Stress we face as children stays with us

“The prefrontal cortex is also the region important for self-regulatory activities of all kinds, both emotional and cognitive, including impulse control, and regulation of emotion, cognition and desires,” says Sinha.

Constant battering by stress wears down our ability to counteract potentially dangerous desires, such as cravings for addictive substances or foods. Control over impulsive and dangerous behavior may also wane. This is the dynamic that places children from troubled home environments, and people suffering from addictions, most at risk.

The buck stops here

The Yale Stress Center’s clinical practice offers both behavioral and physical health care that incorporates traditional interventions like medication and therapy, along with alternative ones, such as yoga, mindfulness meditation, acupuncture and biofeedback.
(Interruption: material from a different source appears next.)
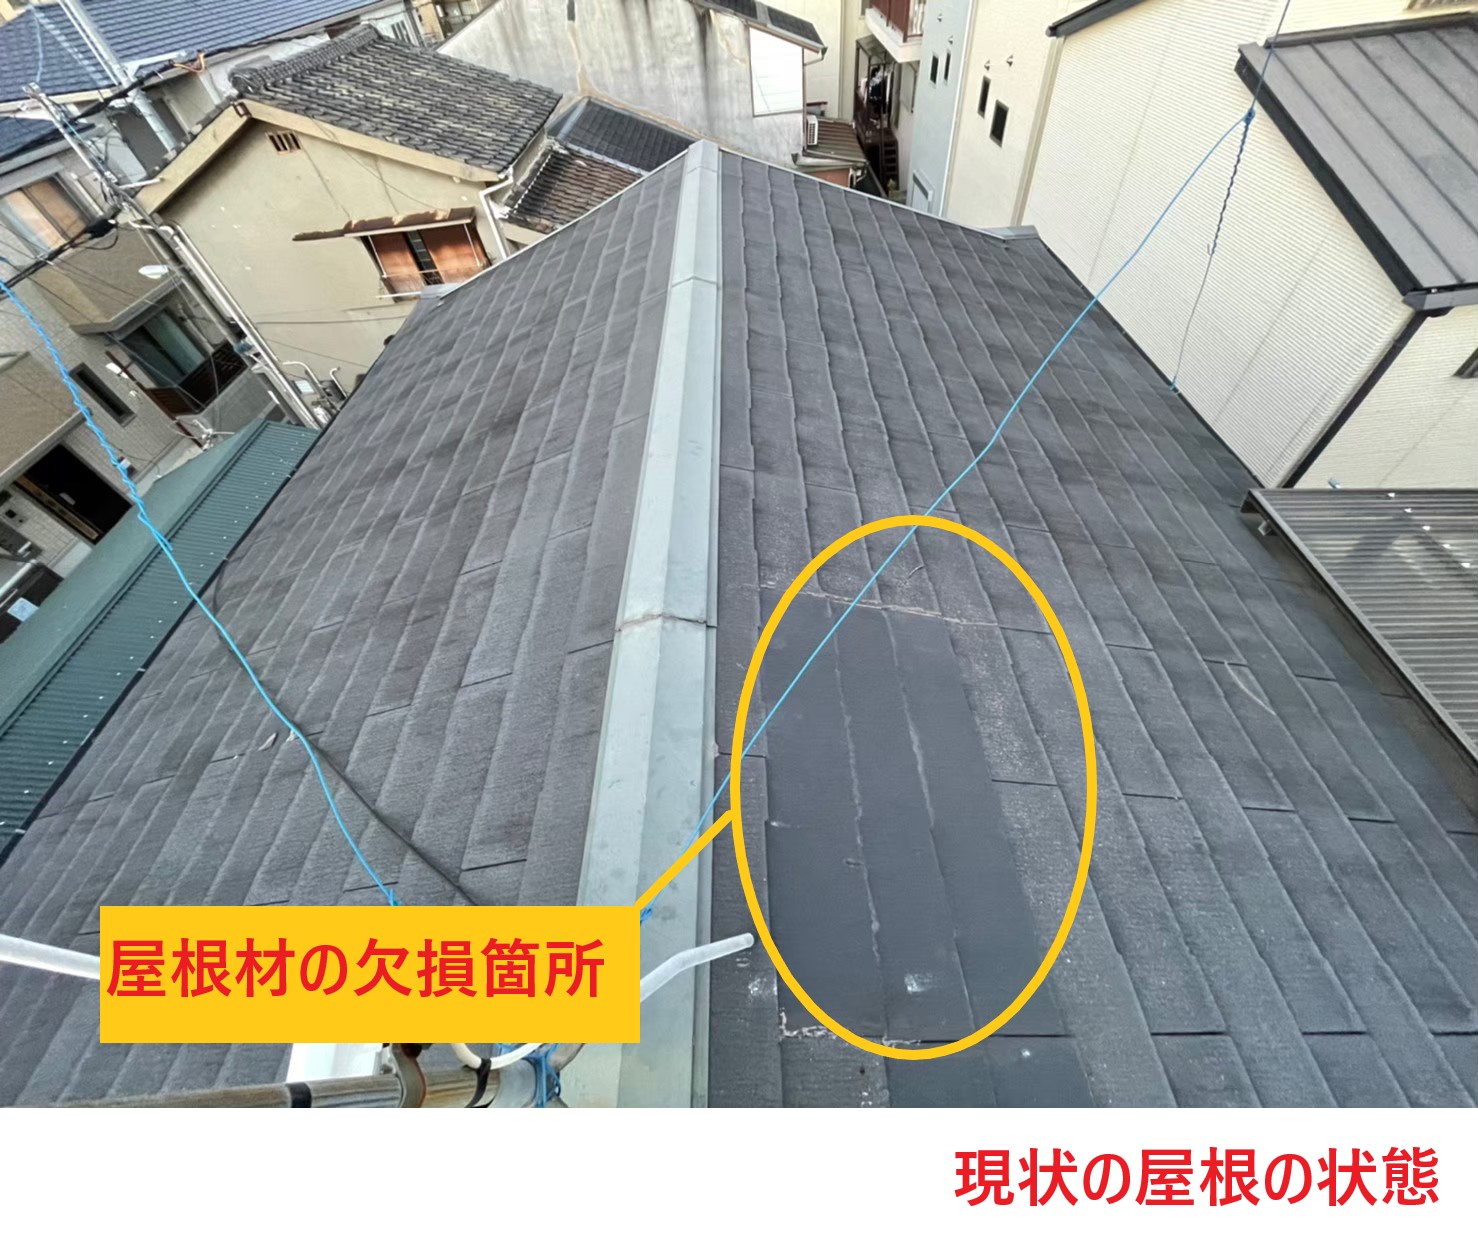 滋賀県近江八幡市河原町でスレート屋根の劣化に伴い屋根の調査依頼があり現場調査を実施
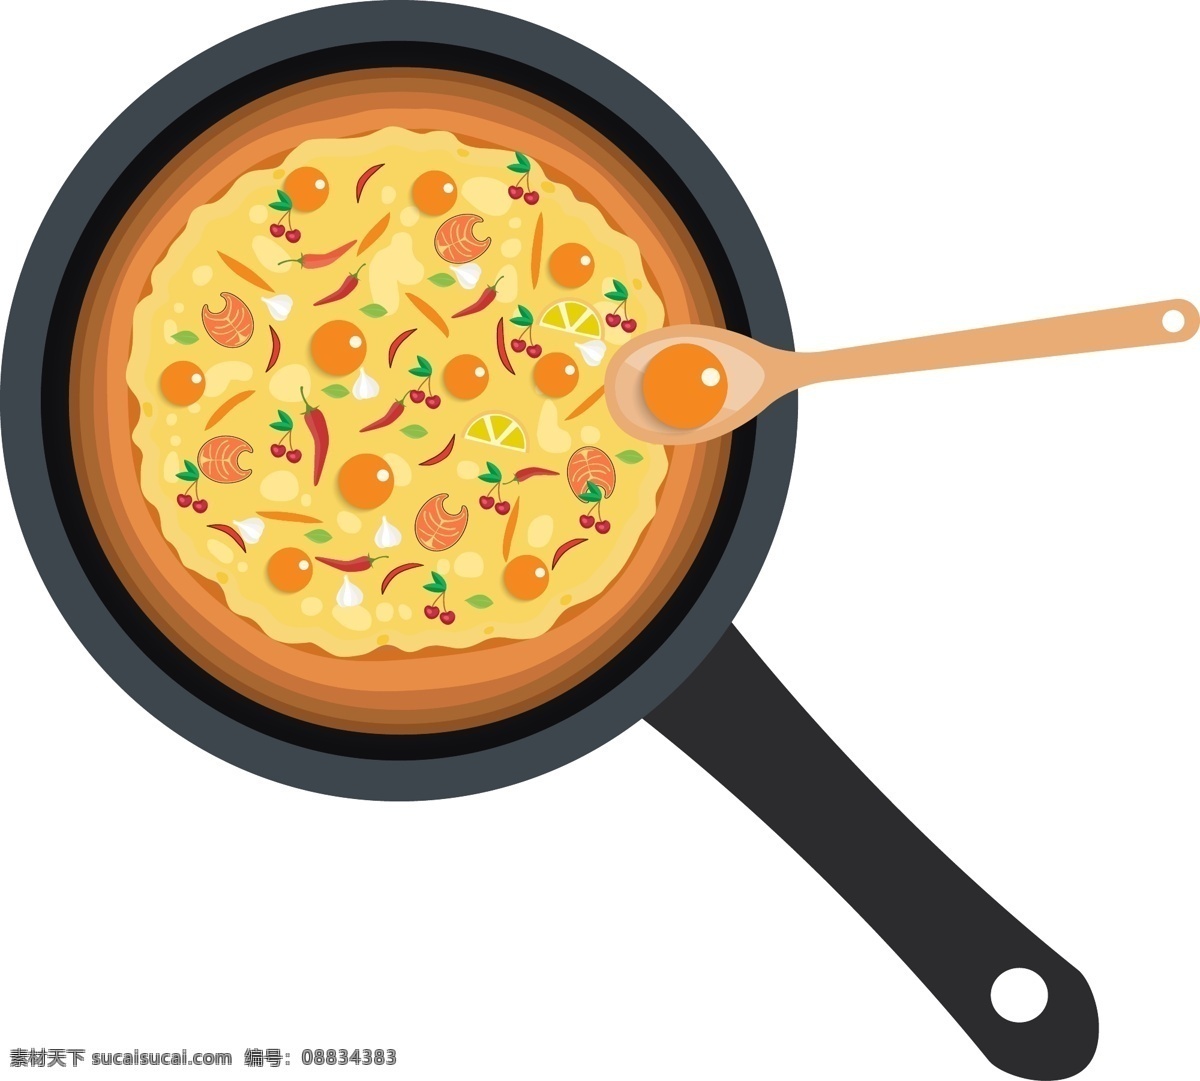 披萨 食物 原创 卡通 可爱 矢量 源文件 编辑

“We are finding that stress reduction interventions like mindfulness-based meditation can be extremely helpful to impact the stress cycle,” observes Sinha. “But the difficulty is that meditation on its own may not be enough to help addicted individuals.” And so Sinha and her colleagues are continuing to develop multipronged interventions that may also include coaching, physical therapy and medications.

Using downward dogs to treat depression

Sinha’s work, which started with the interaction between stress and addictive behavior, eventually expanded to include the gamut of behavioral addictions, from food to gambling to sex. She has also begun contemplating the effects of stress on motivated behaviors, both healthy and unhealthy, such as exercise and proper nutrition.

She is particularly interested in food addiction right now; she’s concerned about the obesity epidemic and stress-induced eating.

She agrees that social and public health interventions are very important. When the cigarette tax was implemented and smoking was banned from public places, there was a dramatic drop in use. However, there are still a substantial number of people smoking.

“And you really can’t ban alcohol and high-fat foods. The buck has to stop at the individual level. My interest is in the connection between stress and behavior, and in finding ways to strengthen the mind and body so that we can resist both mental and physical disease.”

Sinha is not dancing much these days. “I am completely engaged with my work,” she says. “But I find it interesting that the dancing I did as a child and young person became the cornerstone of my work, that it shaped my career the way that it did.”

And as Sinha finds herself in a clinical care practice that includes yoga and mindfulness, she often feels as though she has come full circle, because “part of classical Indian dance is based on yogic principles.”

In its own way, she says, it has been an interesting and unexpected journey back home.